Pope Francis goes back to being 'Dictator Pope'

Pope Francis has been credibly accused by Church dissidents of being a "dictator pope," a title which reportedly gets his goat, but well, he's living up to it with his latest move with the U.S. bishops.

According to the Daily Caller:

The U.S. Conference of Catholic Bishops (USCCB) planned to adopt new protocols to hold bishops accountable concerning sex abuse, but the Vatican halted their efforts Monday.

Cardinal Daniel DiNardo, president of the USCCB, announced Monday that the Vatican had instructed U.S. bishops to postpone their vote on adopting a new code of conduct for bishops, which would hold them accountable for committing or failing to report abuse, until a February meeting of bishops’ conference presidents from around the world in Rome. The Vatican also instructed them to delay their vote on establishing a lay commission to oversee investigations of reported clergy sexual abuse. 

“At the insistence of the Holy See, we will not be voting on the two action items,” DiNardo told the bishops, according to The Washington Post.

The bishops, who are a namby pamby bunch on traditional church morals and only get excited when the topic turns to 'justice' for illegal immigrants to break U.S. law by not having to live in their Catholic democracies back home, are trying to vote on mealy mouthed items such as a 'code of conduct for bishops' (You'd think they wouldn't have to be told if they got to the bishop level, but o.k.), and probably more important, the release of all documents surrounding the Cardinal Theodore McCarrick scandal. McCarrick of course is the one who bedded seminarians and then got involved with pederasty, engaging in all manner of abuse until the law caught up with him and he got safe haven in the Vatican. The latter is probably what's got the Vatican bothered, because, well, the Pope has been credibly accused by a former Vatican diplomat of covering up the McCarrick scandal and using McCarrick as his bishop-picker in some sort of lavender-mafia deal, and such documents might well show it.
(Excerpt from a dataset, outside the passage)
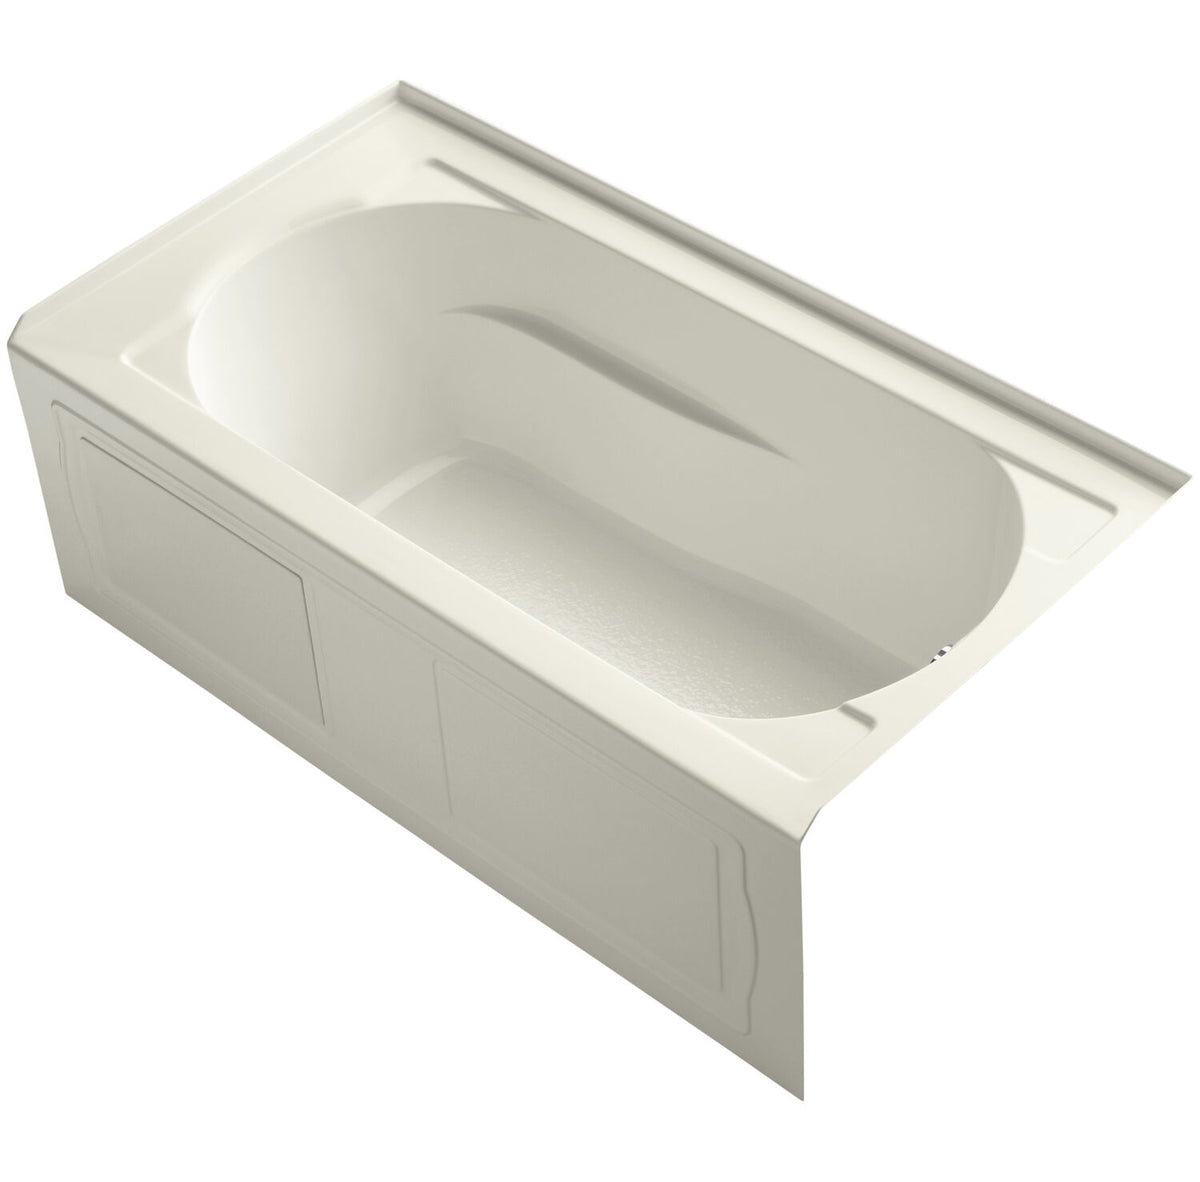 DEVONSHIRE® 60 X 32 INCHES ALCOVE BATHTUB WITH INTEGRAL APRON AND INTEGRAL FLANGE, RIGHT-HAND DRAIN

As you may imagine, this isn't going over well with many Catholics and Catholic-watchers:

 

 

 

 

 

 

 

 

Because what we have here is a weak, feeble effort by U.S. bishops to clean up after the tremendous Church scandal involving abuses of children, and make the Church much better, and now the Vatican telling them - at the last minute no less - to not vote on it. Which of course makes the bishops look very weak, something they aren't supposed to be, given church hierarchy teachings. The other thing the Church has always supported has been allowing governance matters to take place at the lowest possible level of hierarchy, and well, this is a negation of that.

It's also an ironic negation, given that the Pope has effectively allowed China to pick the Church's bishops, while laying a hard hand down on U.S. bishops trying to do their jobs and enact tough new reforms.

What it looks like, and this is just speculation, is maybe McCarrick influencing the Pope to get these bishops out of the picture and replace them with other bishops of perhaps McCarrick's choosing. Could it be that bad? It's certainly a way to get bishops to vote the way the Vatican wants them to vote so that everything will be swept under the rug. If there is some better explanation, I am all ears. But as one of the commentators has said, the optics here are very bad.